The above being said, our various studies make clear across a host of outcomes that those who suffer health disadvantage from gentrification are people of color. The role of race and ethnicity in the gentrification process and related outcomes is noted in the works of Acolin et al. (Citation2022); Beck et al. (Citation2022); Hwang and Shrimali (Citation2022); López et al. (Citation2022); Versey (Citation2022); and Wang and Melton-Fant (Citation2022). While there is a growing body of work beyond this special issue tackling race and ethnicity in the role of gentrification (Boston, Citation2021; Dantzler, Citation2021; Rucks-Ahidiana, Citation2021), we need more studies to unpack how different gentrification processes impact racial and ethnic groups and communities in distinct ways. We also need more investigations to detail the racial components of gentrification to better understand the influence of discrimination, social exclusion, and antiblackness that might help explain why gentrification has distinct impacts and meanings for people of color.

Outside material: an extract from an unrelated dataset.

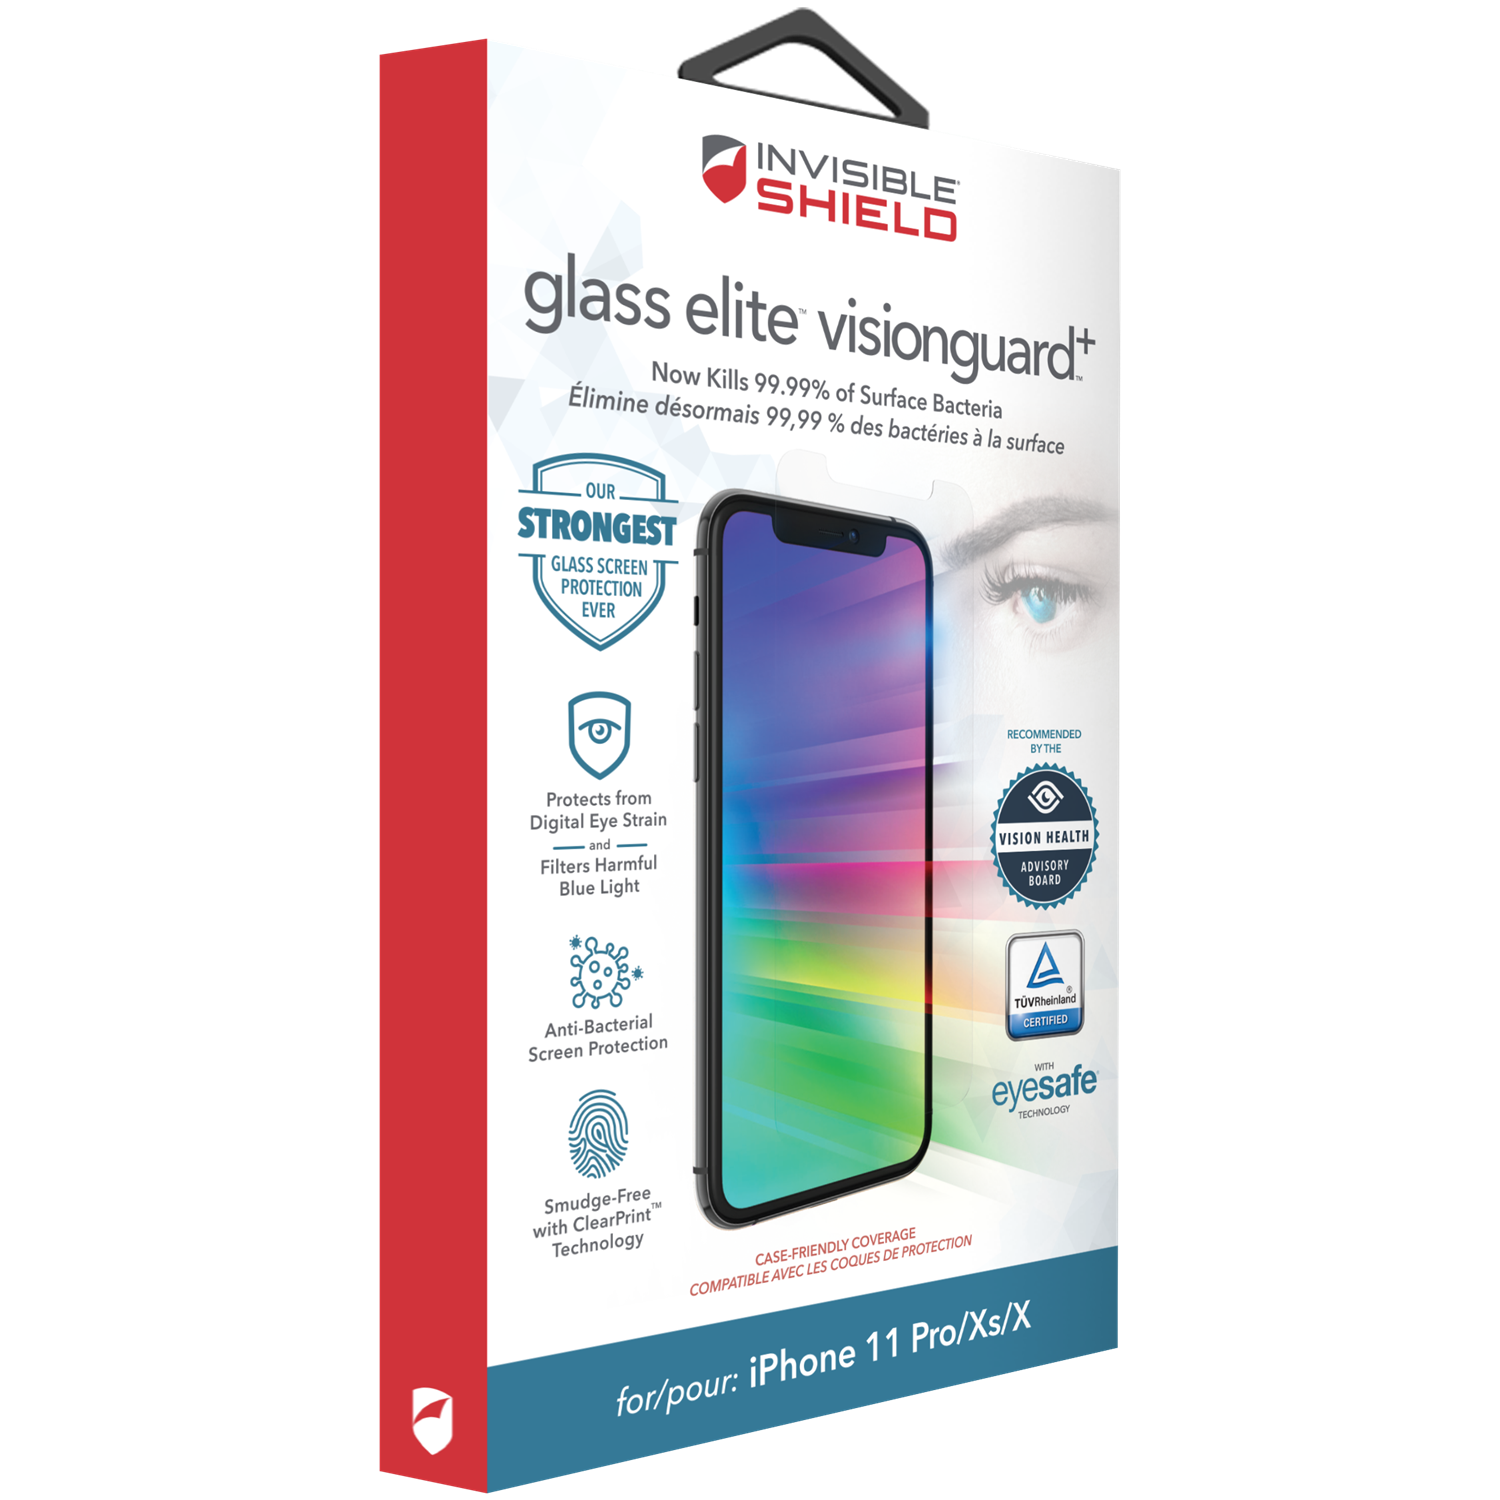 InvisibleShield Glass Elite Visionguard+ iPhone X/XS/11 Pro

Another important issue our studies highlight is the physical displacement of existing residents from gentrifying neighborhoods. Physical displacement’s centrality to the gentrification discourse dates back to Glass’s (Citation1955) original research; however, until recently most work has at best highlighted the indirect consequences of displacement, such as the weakening of community (Barton et al., Citation2022; Romero & Jaramillo, Citation2022) or anticipatory stress about displacement (Candipan et al., Citation2022; López et al., Citation2022; Schachner, Citation2022; Versey, Citation2022). This is mainly a product of data limitations that have stymied work on gentrification’s full effects on neighborhood well-being. However, two of our studies were able to utilize cutting-edge research to directly measure displacement’s consequences. Interestingly, each study has a different takeaway on displacement. On the one hand, Acolin et al. (Citation2022) found that a variety of health outcomes are worse for those who leave gentrifying neighborhoods than those who remain. On the other hand, Hwang and Shrimali (Citation2022) found that in the Bay Area of California, residents of both upper and lower SES were less likely to move into crowded housing in gentrifying areas compared to nongentrifying areas. As such, they do not find grounds for claiming that gentrification put low-income populations at greater risk of COVID-19 exposure from overcrowding. These studies encourage more focus on those who have been displaced from gentrifying areas.

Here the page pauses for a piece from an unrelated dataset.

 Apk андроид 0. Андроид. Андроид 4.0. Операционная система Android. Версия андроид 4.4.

The relationship between gentrification and health has had a growing place in the larger discussion on residential well-being in cities. Building on this growth, this special issue has brought together a key group of studies that both highlight the current status of the field and chart future courses for research. The studies in this issue reaffirm the role gentrification has played in fostering health disparities for marginalized populations, especially African Americans. At the same time, however, these studies diverge regarding how, exactly, gentrification relates to health, revealing many different paths through which gentrification impacts neighborhoods—not all uniformly bad. Thus, there is still much work to be done with respect to what we mean when we say “gentrification,” with consequences for the kinds of effects it carries. This uncertainty is especially important if scholars, policymakers, and grassroots advocates are to devise ways to more effectively manage, and even harness, gentrification to benefit the well-being of historically marginalized populations (Romero & Jaramillo, Citation2022).

Disclosure Statement

No potential conflict of interest was reported by the author(s).